I already said before that in the west the statistics of marriage show low success while in India they show high success. The question is however what the parameters of a successful marriage are. If it is only about not getting divorced, India may be more successful. I am not so sure however if the parameters were a loving relationship and an enjoyable time together. When a guest wonders how so many people stay together with their partners even though they are not happy with each other, I give them the example of some old people in Germany. I have heard of married couples, both persons about 80 years old, who have been fighting for the past 50 years but have not got separated or divorced. It is thus understandable if similar things happen in India, isn’t it?
We can see it all the time in our surroundings. An arranged marriage starts with joy and happiness. It is the biggest day in the life of a man or a woman. They meet each other, not knowing who the other one is but excited about going to spend life together with this person. They have their first time with each other – maybe the first time at all for one or both of them. They go on a honeymoon and their physical relation is quite intense. It is a dreamtime and they love it.

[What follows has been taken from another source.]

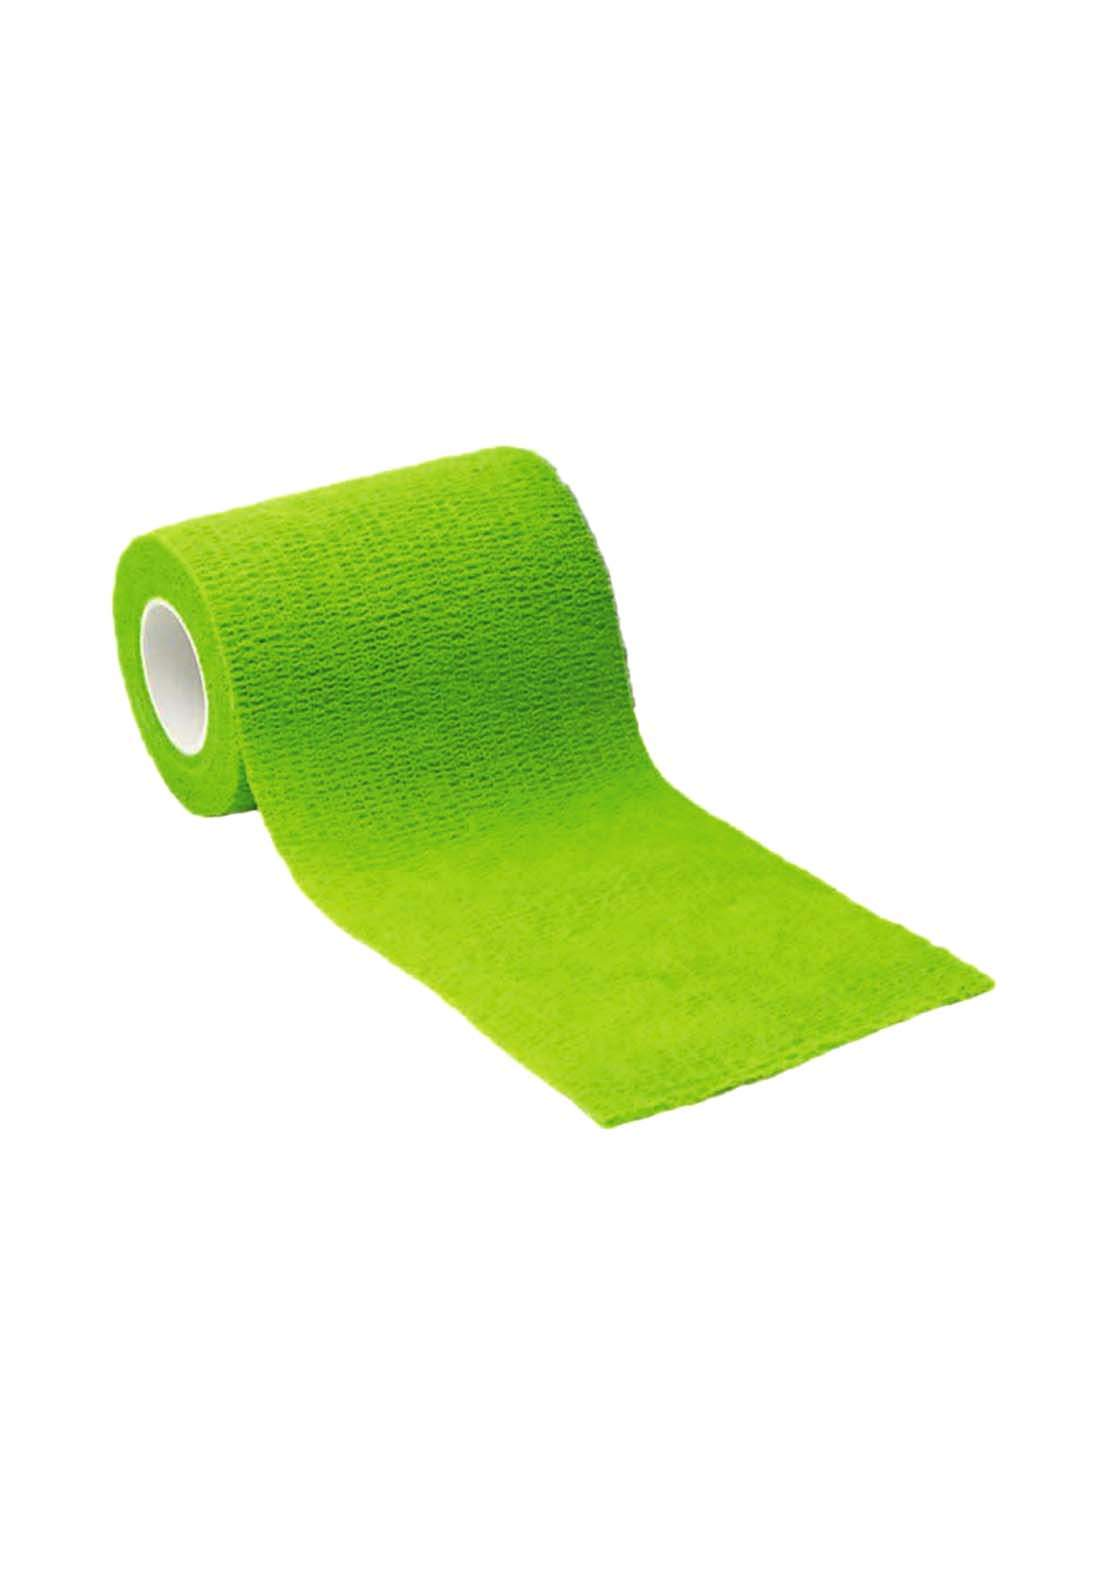 Optimal Berathable gentle tape 7.5 cm*2 m شريط لاصق طبي

Slowly however they get back to reality. The wife gets used to living in her in-laws’ home. Husband and wife notice differences in their choices, in their priorities, in their nature, in their thinking process – and if there are bigger differences, it gets difficult to cope. For those who are lucky, there are not as many differences. Those who are unlucky get problems. It is just like a lottery – you are lucky or you are unlucky, chances are fifty-fifty. As I said, by marriage you get a place in the other person’s life but the question remains if you get a place in his or her heart. That cannot be arranged!

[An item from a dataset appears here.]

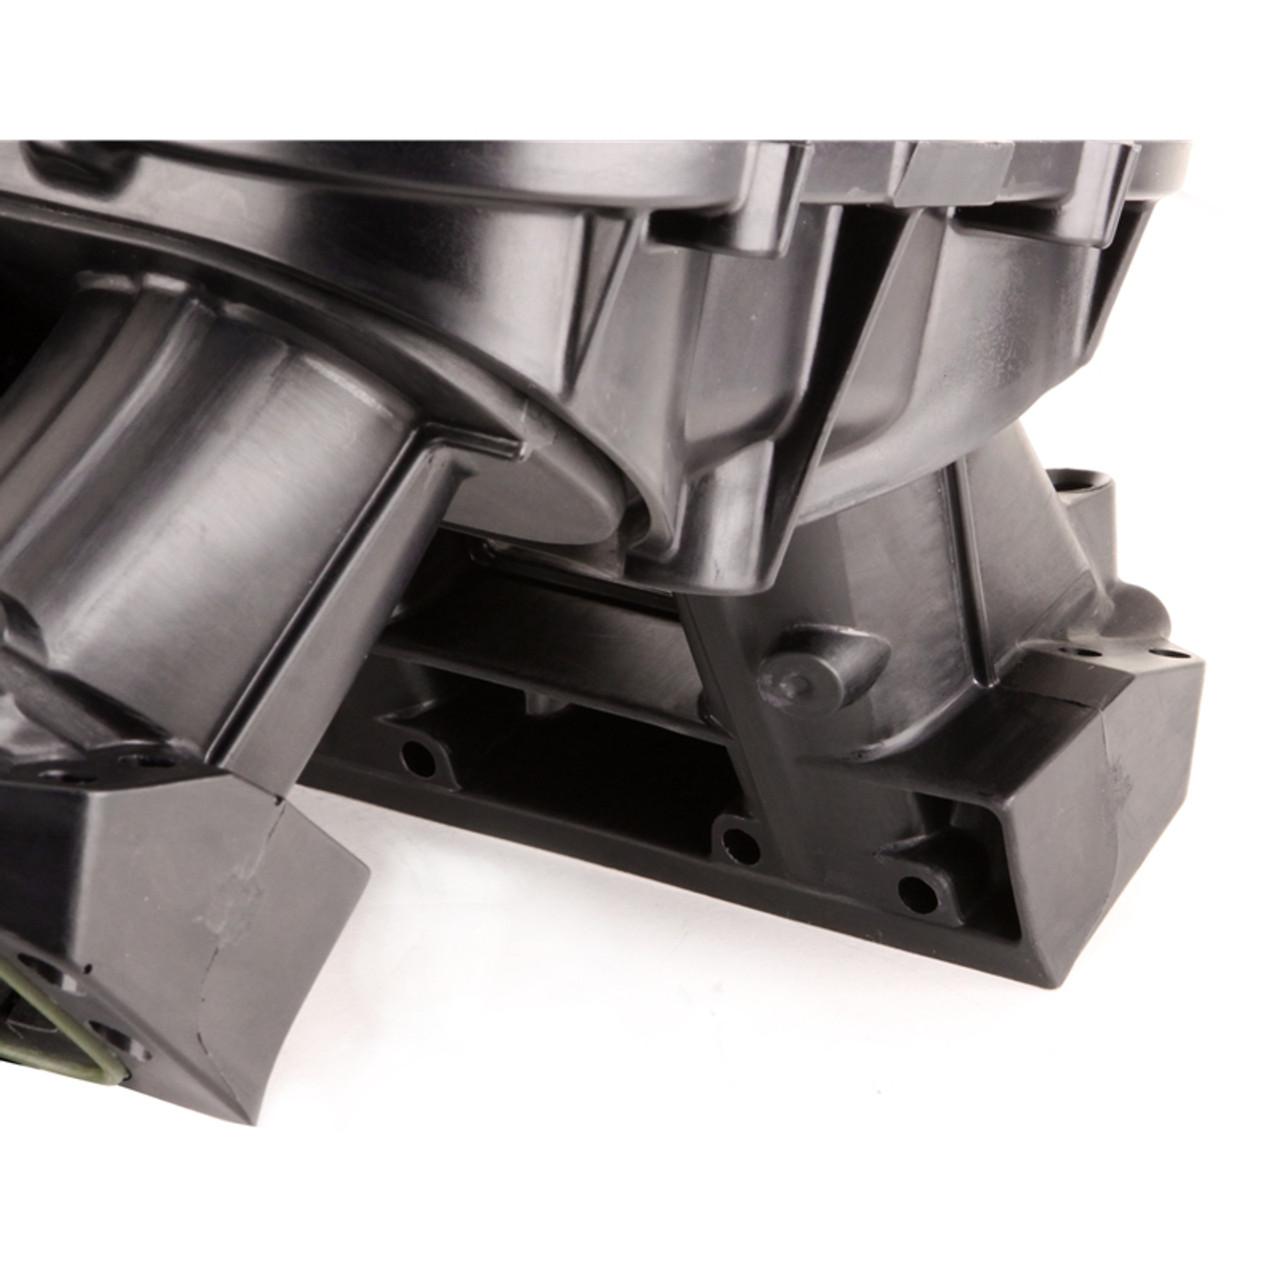 Performance Design Carbon pTR Intake Manifold   Cathedral Port

I agree, there are marriages that don’t work out in every country and culture. Arranged marriage however is, in my eyes, creating unhappiness for those two individuals. So how come the numbers show so many more successful marriages here, where they are arranged? The fact that actually changes the figures is that divorce is simply not an acceptable concept in our culture and country. People just don’t do it.
They are unhappy, they don’t agree with each other, they fight every day, they run away from each other to other family members but in the end they get back together, live together in one house and even make the effort to cover it all up in front of others. They won’t get divorced though. Only very rarely couples do. The rest stays where they are and puts up with daily problems. They just do – and increase one more in the number of ‘successful marriages’.